Com relação à população negra, a pesquisadora é enfática quanto à origem das maiores taxas de pobreza desta parcela dos brasileiros: a herança da escravidão.
“Essa é a resposta rápida, mas, para além disso, há todo um racismo estrutural que resulta que, mesmo para um grupo de pessoas com a mesma escolaridade, há diferenças no nível salarial, nos tipos de ocupação e na taxa de informalidade entre negros e brancos.”
“Então existe um racismo muito forte dentro do mercado de trabalho que coloca a população negra numa posição um tanto mais precária em termos de trabalho formal”, observa.
‘Estados deveriam complementar auxílio’
Para Oliveira, a pesquisa deixa evidente que são as mulheres negras as que mais estão sofrendo com a crise atual.
“Fica claro que precisamos de políticas específicas voltadas para esse grupo”, diz a pesquisadora. “Precisamos também entender como a política fiscal e a política econômica como um todo impactam especificamente essa parcela da população.”
A professora da Flacso-Brasil destaca, por exemplo, que cortes de recursos destinados à saúde, educação e assistência social afetam diretamente essa população mais vulnerável.
Além disso, a pandemia traz o risco de que avanços conquistados nas últimas décadas na redução da desigualdade racial e de gênero se percam, caso o Estado não dê uma resposta, na forma de medidas de apoio a essa população.
“Recomendamos a continuação do auxílio enquanto a pandemia durar e o pagamento de auxílios adicionais por Estados e municípios, para complementar esse valor tão baixo do auxílio federal de 2021”, diz Cardoso, pesquisadora de pós-doutorado na UFMG (Universidade Federal de Minas Gerais).
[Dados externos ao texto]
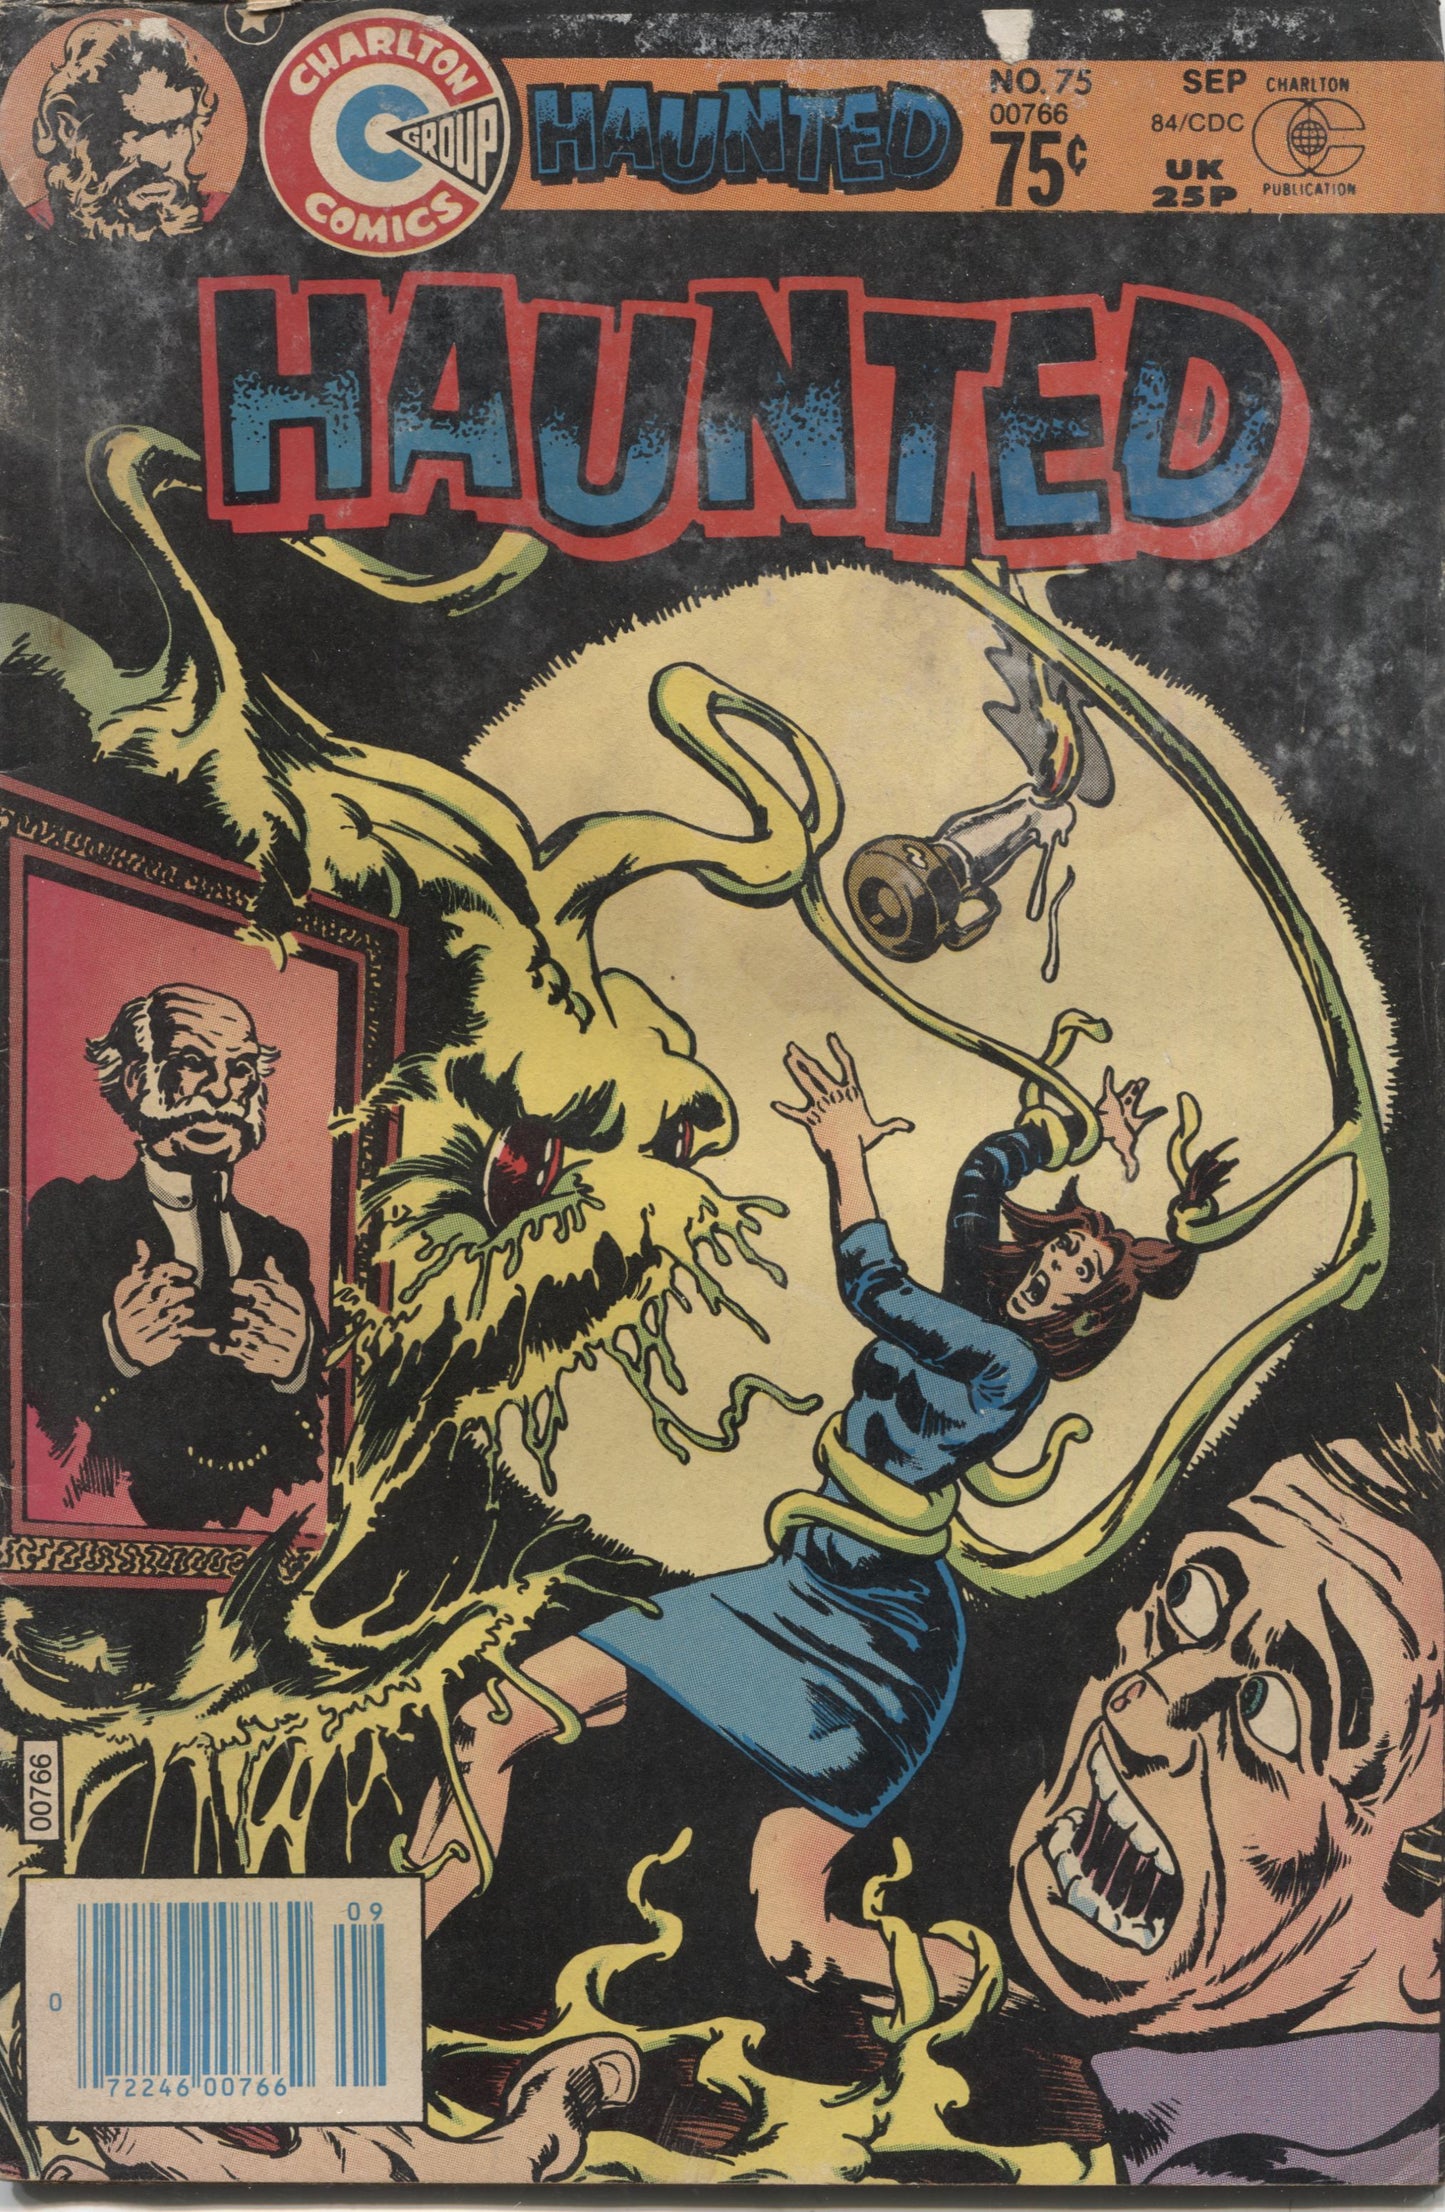 Haunted No. 75, "The Elevator," Charlton Comics, September 1984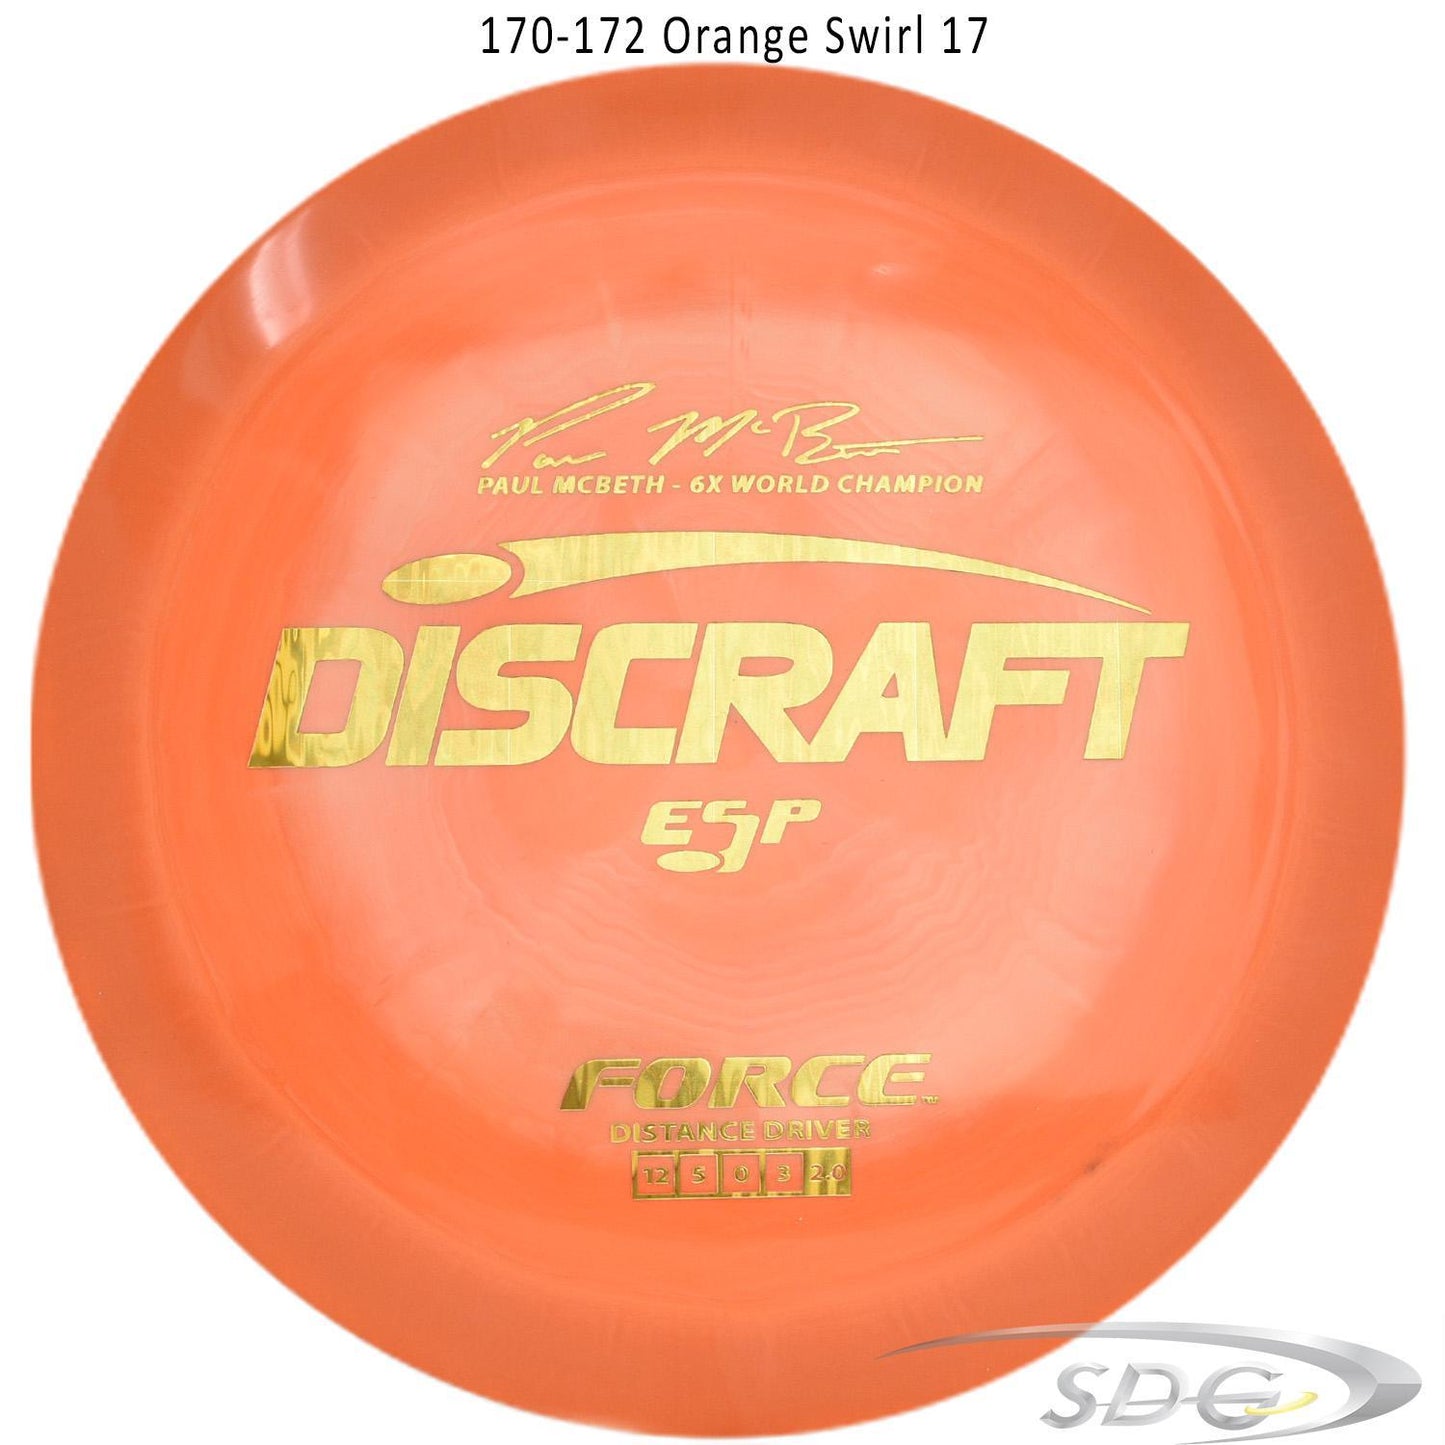 discraft-esp-force-6x-paul-mcbeth-signature-disc-golf-distance-driver 170-172 Orange Swirl 17

“Além disso, indicamos também a elaboração de políticas voltadas aos jovens e crianças que estão em casa, como políticas de acesso à internet para os alunos de escolas públicas, porque a pobreza tem um caráter geracional”, afirma a economista e demógrafa.
“Então esse impacto de agora que as famílias estão sofrendo não vai durar apenas um ano ou dois. É muito provável que isso se estenda e tenha reflexos no futuro também.”
Para Cardoso, a demora do governo para retomar o auxílio em 2021 e os baixos valores estabelecidos mostram o descaso do governo com a população e com o combate às desigualdades. “Essas coisas deveriam ser prioridades”, avalia.
Quanto à viabilidade de se estender o auxílio enquanto durar a pandemia, Nassif-Pires avalia que a restrição financeira imposta pelo teto de gastos é uma limitação política.
“O espaço fiscal poderia existir, mas existe um embate político por esse espaço”, afirma.
“Pensando de forma estratégica, o custo do auxílio emergencial não é somente o seu valor de face, porque há um retorno disso. Ele faz com que a economia continue funcionando, então seu custo líquido é muito menor do que aquele que vai aparecer no Orçamento.”
Além disso, a professora destaca que o auxílio emergencial tem papel fundamental no controle da pandemia.
“As pessoas que estão na extrema pobreza e na pobreza não têm a possiblidade de escolher cuidar de sua saúde. Elas estão numa situação de vida ou morte diária e não podem deixar de trabalhar, mesmo que estejam doentes ou trabalhando em situações precárias e expostas à pandemia”, diz a economista.
“Manter a economia funcionando apesar da emergência de saúde, às custas de as pessoas precisarem se expor para sobreviver, tem impacto sobre a própria continuidade da pandemia. O problema econômico é resultado do problema sanitário.”